Reading Recommendation #2: The New Climate War

Occasionally, I find it necessary to write a post about some things I clearly got wrong. It’s also been a while since I made a book recommendation. To pull these two threads together, I can happily recommend that any reader interested in an accessible, thorough, action-oriented primer on the history and current state of climate science, policy, and action pick up Michael Mann‘s new book, The New Climate War, from which I quote:

[The climate-denial complex] has promoted the narrative that climate-change impacts will be mild, innocuous, and easily adapted to, undermining any sense of urgency, while at the same time promoting the inevitability of climate change to dampen any sense of agency. This effort has been aided and abetted by individuals who are ostensible climate champions but have portrayed catastrophe as a fait accompli, either by overstating the damage to which we are already committed, by dismissing the possibility of mobilizing the action necessary to avert disaster, or by setting the standard so high (say, the very overthrow of market economics itself, that old chestnut) that any action seems doomed to failure. The enemy has been more than happy to amplify such notions.

While I don’t love Mann’s use of the language of war, contrary to the employment of militarized pandemic-response metaphors, in this instance, I at least feel there is sound justification for all the martial imagery, for there is, indeed, an enemy, in the form of the climate-denial complex. I pull this quote, in particular, from Mann’s book, though, because I myself have been guilty of at least two of these three mis-steps at different times in the past. In fact, my choice to start this blog, now almost three years ago (with an inaugural post title honoring the late Martin Luther King, Jr., no less) was predicated largely on my desire to shift away from the raw (and no doubt, at times, indulgent) anger that had often characterized my posts on Medium, in the direction of a more constructive and generous tone.
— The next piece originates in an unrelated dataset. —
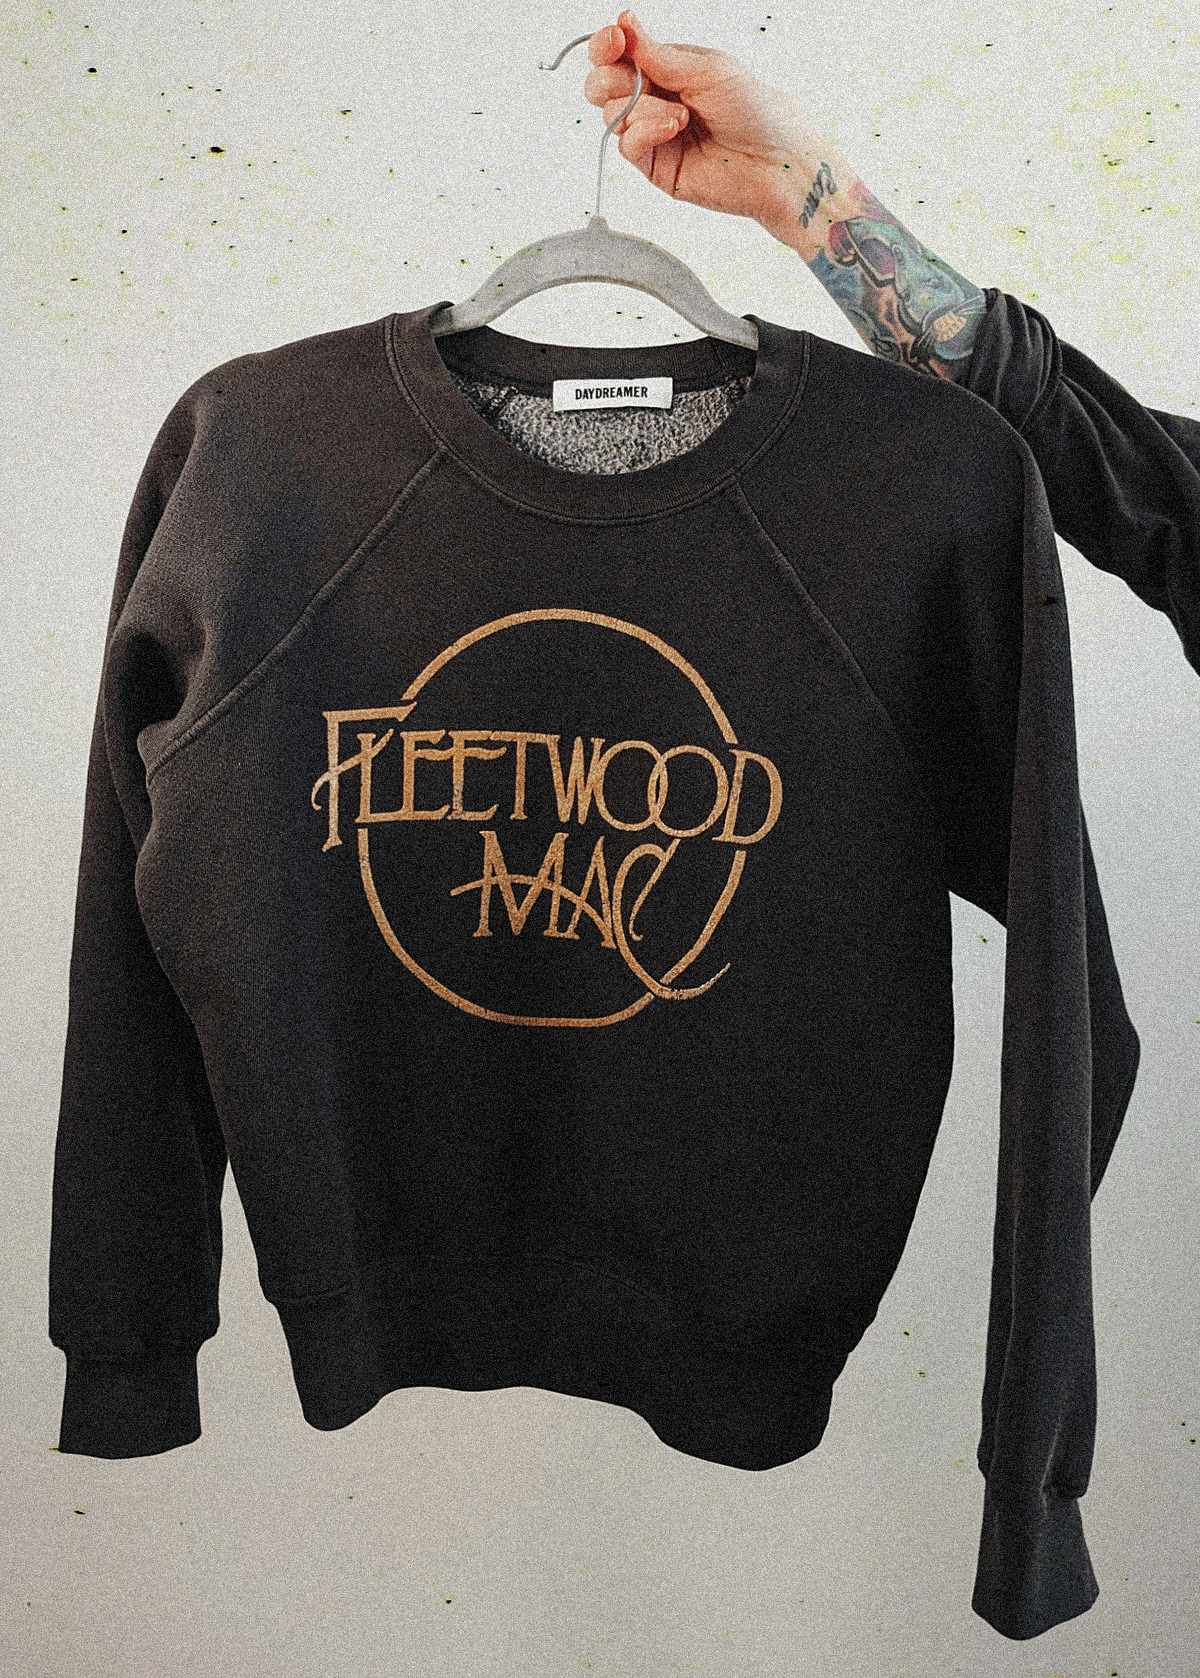 Washed Black Fleetwood Mac raglan crew neck sweatshirt with gold graphics at front, by Daydreamer LA, officially licensed and made in California

Incidentally, Mann has also been among the most outspoken popularizers of an important shift in climate science consensus – namely, to oversimplify, that: “If we stop burning carbon now, we stop the warming of the planet [within a few decades, rather than – as many of us had previously believed and stated – only after centuries of locked-in warming].”

As I’ve addressed elsewhere recently, the ~10% decrease in US GHG emissions in 2020 stands to have little to no lasting impact, alone, on the trajectory of global heating, but were the US and other heavily-polluting nations to move aggressively in the coming years and decades to reduce emissions and transform their economies, it could dramatically reduce the global mean temperature increase by 2050. Couple this with the revelation now being popularized by Mann, and there are real reasons for hope, that, not only is it possible to limit heating this century, but that the prospects for averting catastrophic long-term heating may be much better than had been previously understood.

This framing only redoubles my conviction that climate crisis is the defining issue of our time and that those of us who enjoy the luxury of agency in these matters have a moral imperative (an obligation, but also an opportunity) to commit ourselves to preventing global catastrophe while also shaping a more sane, just, and equitable future.

From Climate Central, in case you need any additional motivation to throw yourself into climate action.

Postscript: Full disclosure, I’m passingly acquainted with Michael Mann through a mutual friend, and he was kind enough to gift me a copy of his new book; however, he is not aware that I write this blog, and – even were he to have been – I can’t imagine he would have been moved by anything other than the goodness of his heart to share his work with me, as I don’t think he needs my help in reaching an exceedingly broad audience.